The first-line engineer was not at ease after learning about the situation and added another one in the solution: avoid all window minimization actions.

When the program was reported to the customer, the customer immediately tested it, and during the thousands of tests, the problem never happened again. And, for one months now, issue never happened again.

Technical details

When the facts were determined, everyone was amazed. Because win32k is a very stable OS module, if it is really win32k bug, its impact must be very far-reaching. This issue has now been reported to Microsoft, Microsoft engineers are still analyzing, and have acknowledged the fact that the system bugs. But Microsoft engineers are more inclined to think that this is not a win32k bug, but that the parameters passed to win32k are corrupted. The final result is how to wait.

If I were the Microsoft engineer, I would put the implementation logic of the relevant function on the call stack, and analyze it carefully. Control the difference between the problem and the normal condition, which distinguishes whether the issue is caused by the code logic or the exception parameter. If it is caused by an exception parameter, determine whether it is a problem when the parameter is passed in, or the problem that follows. to gradually clarify.

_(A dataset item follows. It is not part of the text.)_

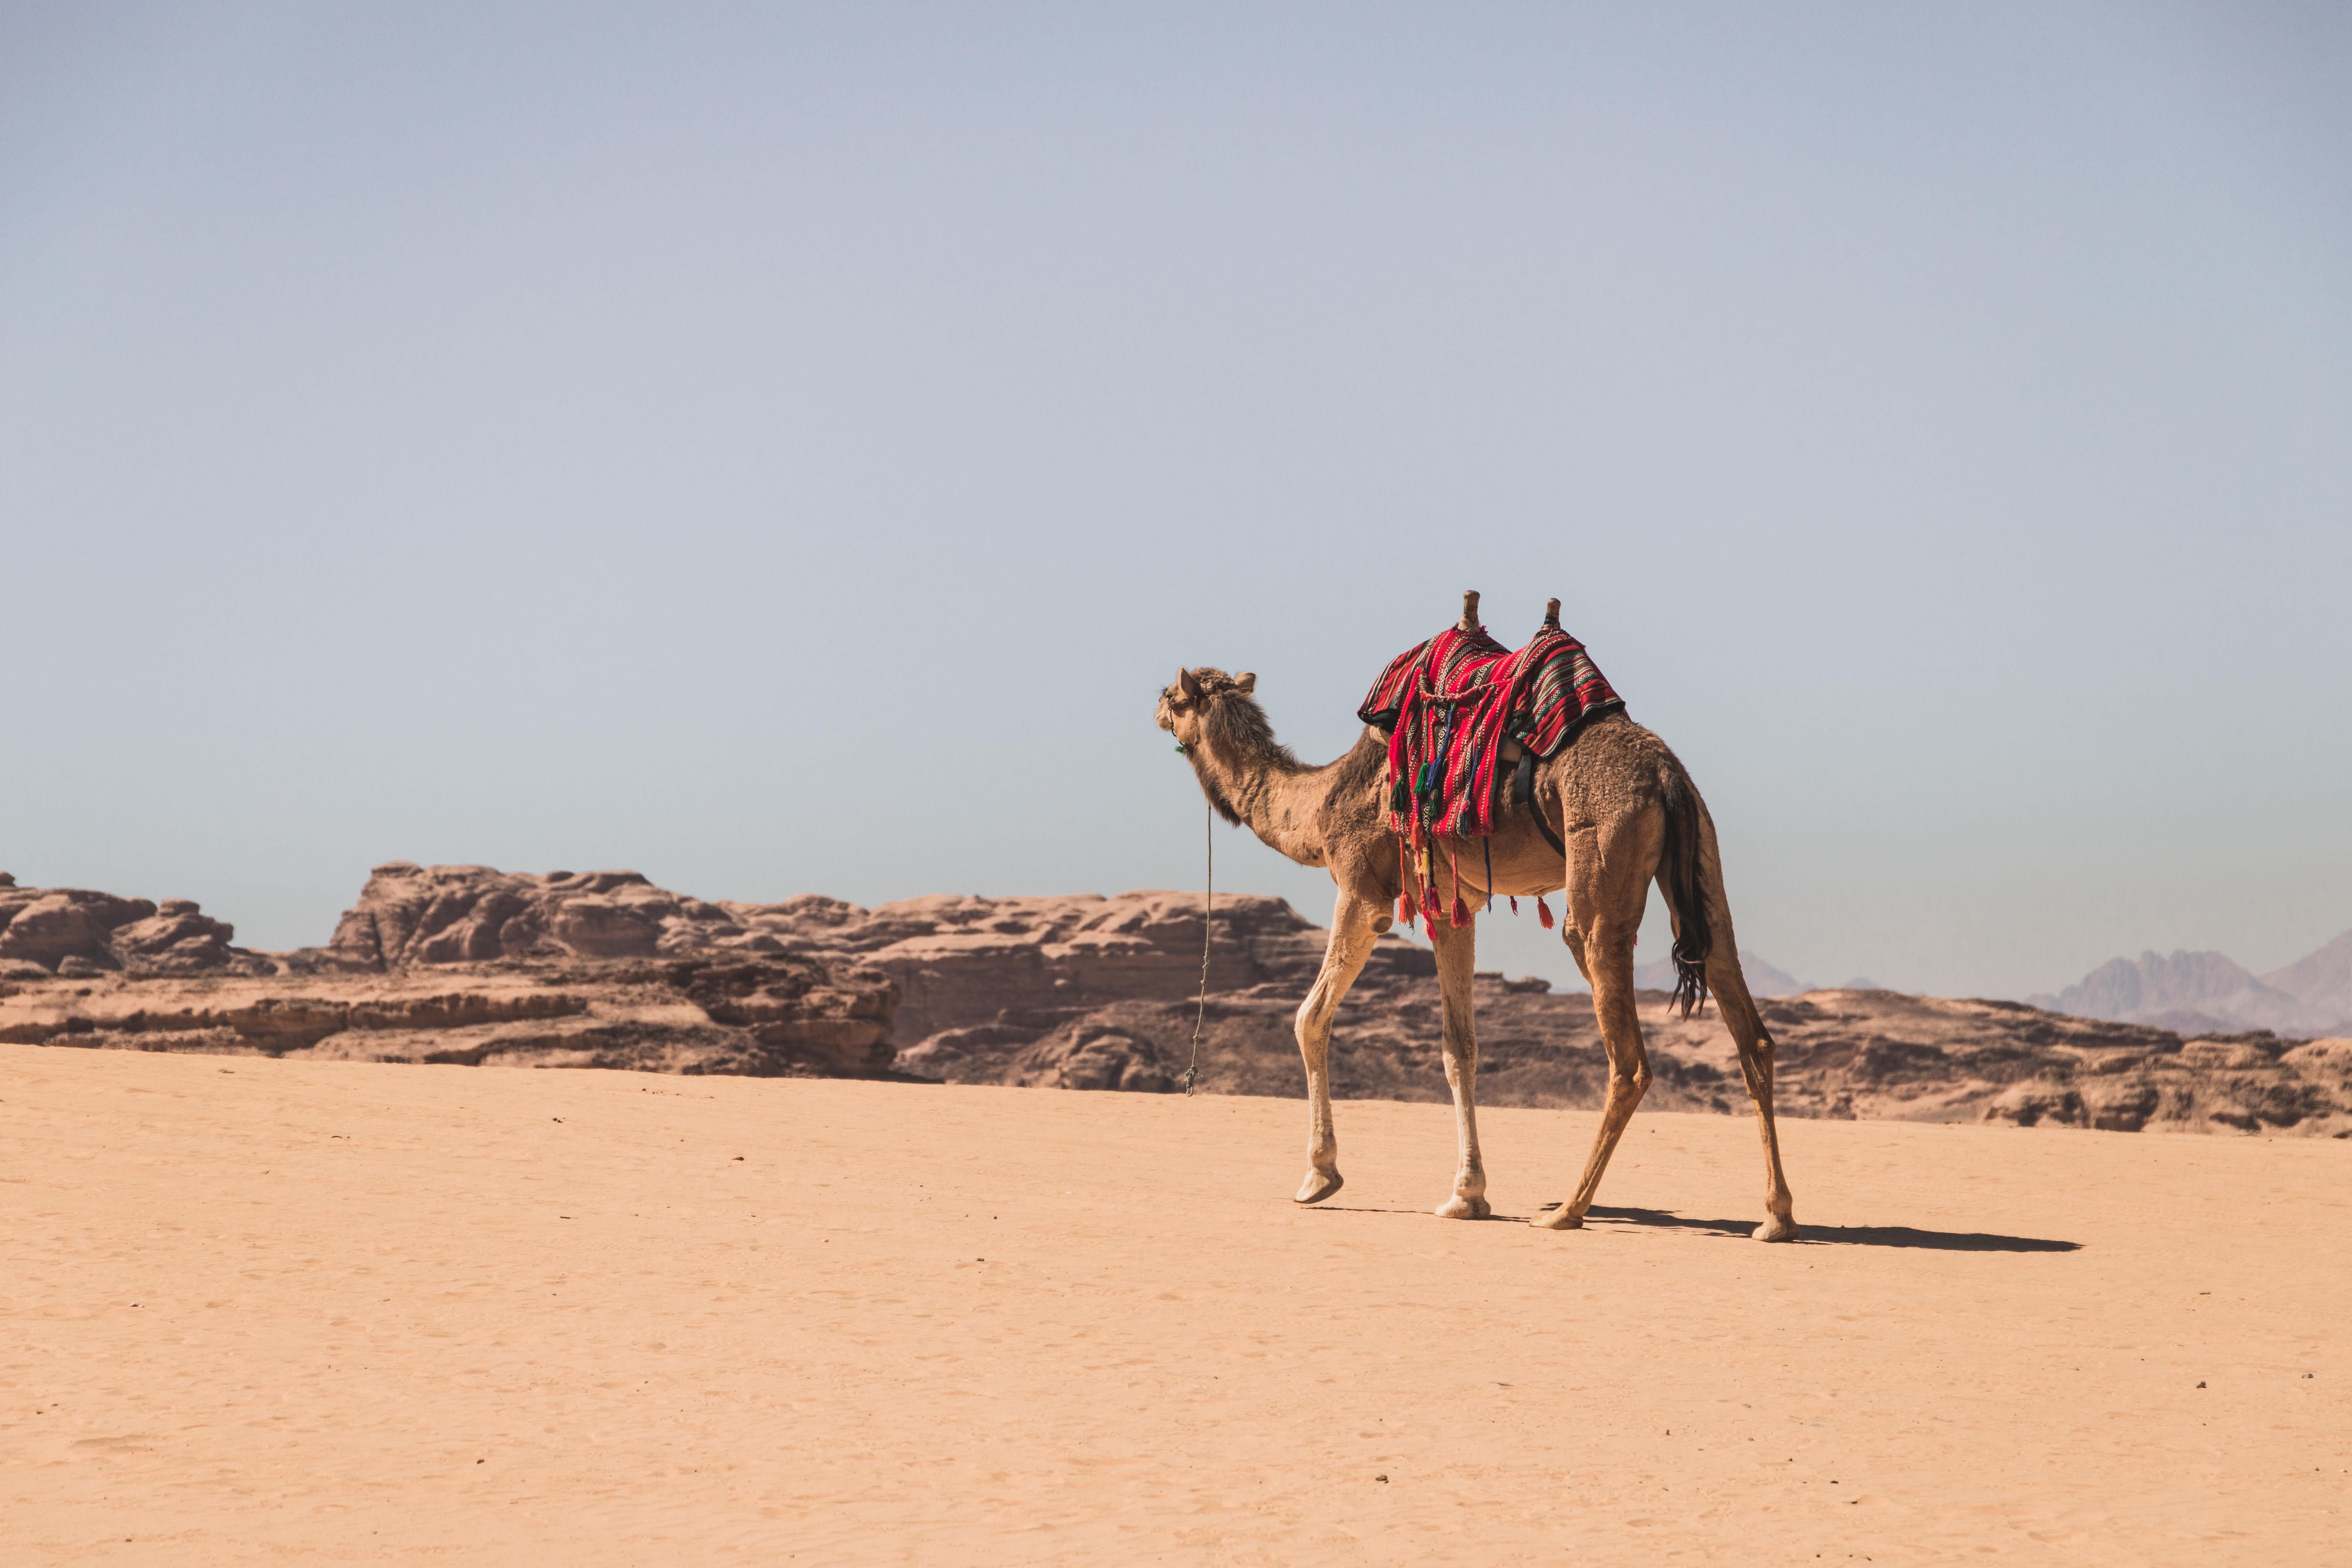 Jordanie | 2 jours & 2 nuits à Wadi Rum

while (P->ybottom <= this->yboundstop) {     (char*) p + = P->sizescan;}

Where this is of type enumareas, it is partially defined as follows:

win32k! Enumareas   +0x000 idir                  +0x004 xboundsleft              +0x008 yboundstop               +0x00c xboundsright            +0x010 Yboundsbottom

P points to the structure as spritestate, which is defined in the previous section as follows:

_spritestate +0x000 ytop +0x004 ybottom  +0x008 Sizescan

I think: P points to an array of variable-length structures of type spritestate, where the variable sizescan represents the length of the next struct. When the problem occurs, p has been enumerated to the last struct in the array, whose member variable Sizescan equals 0. Because this loop lacks exception handling, so that P has been working on the last struct, it's done a dead loop on it, and strangely put the whole system on hold.

Contact Us

The content source of this page is from Internet, which doesn't represent Alibaba Cloud's opinion; products and services mentioned on that page don't have any relationship with Alibaba Cloud. If the content of the page makes you feel confusing, please write us an email, we will handle the problem within 5 days after receiving your email.

If you find any instances of plagiarism from the community, please send an email to: info-contact@alibabacloud.com and provide relevant evidence. A staff member will contact you within 5 working days.

A Free Trial That Lets You Build Big!

Start building with 50+ products and up to 12 months usage for Elastic Compute Service

  • Sales Support

    1 on 1 presale consultation

  • After-Sales Support

    24/7 Technical Support 6 Free Tickets per Quarter Faster Response

  • Alibaba Cloud offers highly flexible support services tailored to meet your exact needs.